I am writing this week while watching closely the humanitarian crisis currently unfolding in northern Iraq.

I recently attended a church service at St Joseph’s in Ansdell where I spoke to a number of parishioners who were deeply concerned about the situation and I promised to write to the Foreign Secretary on their behalf.

In that letter I explained to the Rt Hon Philip Hammond MP that, as a Member of Parliament, I am extremely distressed when I read reports of the abuse of Christians by extremist groups and I told him how those feelings had been reflected by the entire congregation after a powerful homily by Fr Burns.

I also urged the Government to take action to protect fellow Christians and the Yazidis from persecution and even execution.

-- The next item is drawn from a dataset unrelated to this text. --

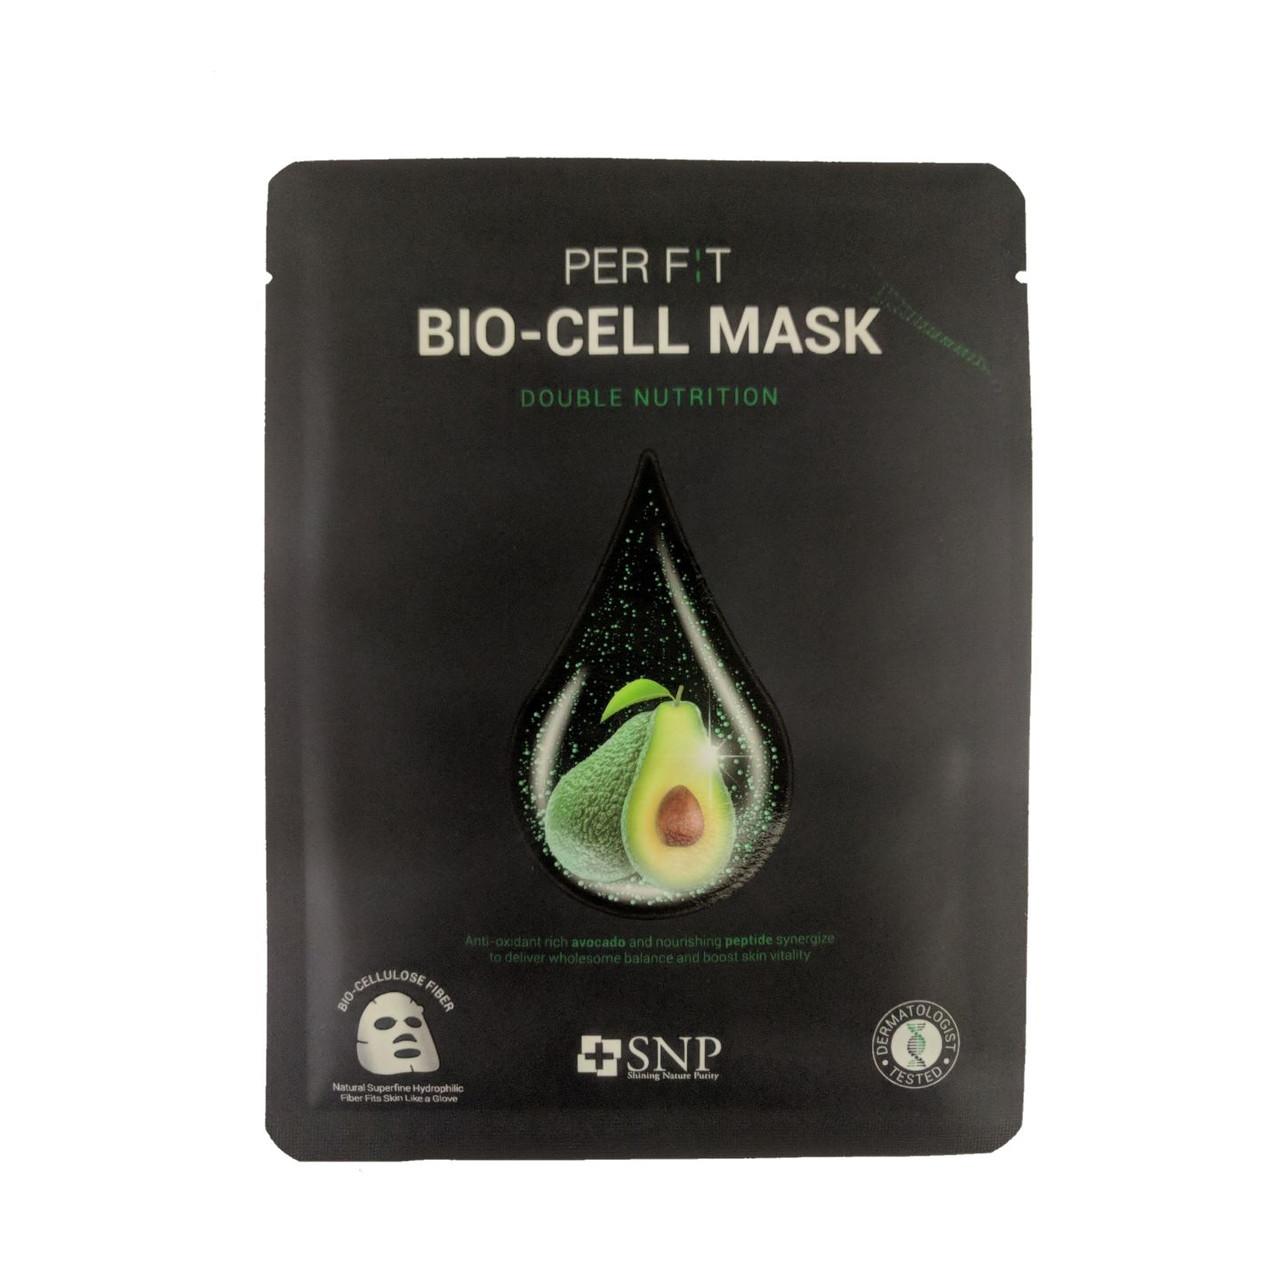 Биоцеллюлозная увлажняющая маска для лица с масла авокадо SNP Double Nutrition Bio-cell Mask 25 мл (8809458846954)

The current situation where media reports state that women are being held as slaves while adult males who refuse to renounce their religious beliefs are being killed is intolerable and we cannot stand aside and allow these people to be oppressed and murdered on an industrial scale.

It is imperative Britain does all it can to assist and sends immediate humanitarian support to those affected.

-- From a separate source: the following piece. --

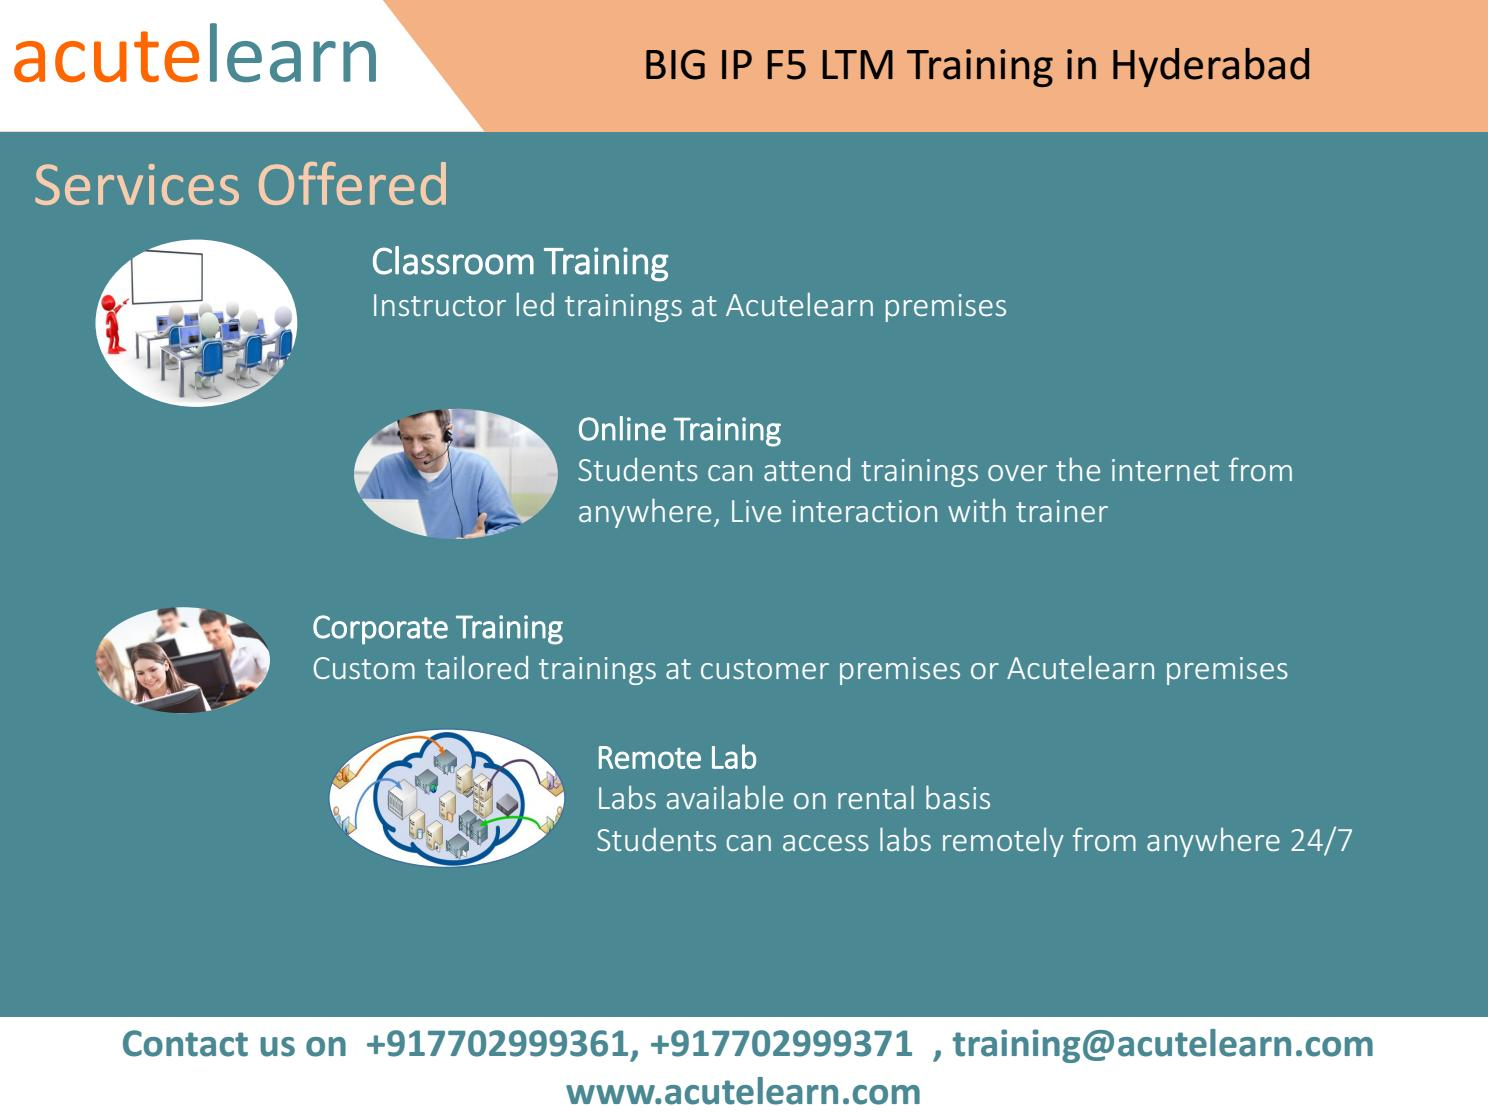 BIG IP F5 LTM Training | BIG IP F5 LTM Training in Hyderabad

Having visited northern Iraq two years ago I had the opportunity to meet a small number of Christians who had recently fled similar oppression in Syria and were struggling while exposed to the extreme heat and harsh environment of the region. However, I was struck by the resilience of the people I met who had faced incredible hardship but were beginning to rebuild their lives.

I recently attended the unveiling of a blue plaque at the Homestead in Lytham’s Henry Street to commemorate the location where local troops set out from as they headed off to serve in the First World War.

While there I was delighted to meet Andrew Norris from Freckleton who has recently published a fascinating book called Lytham’s Saturday Night Soldiers (the first 60 years), which looks at local people’s involvement in the conflict and centres on the Lytham Territorials.

I am always proud of my association with the Queendeans charity, of which I am patron, so was pleased I was able to join them for a fundraising barge trip on Sunday.

Although the weather was not our friend, nobody complained on the journey up and down the Lancaster Canal and I am sure the charity raised a lot of money to support the many good causes the Queendeans is involved with.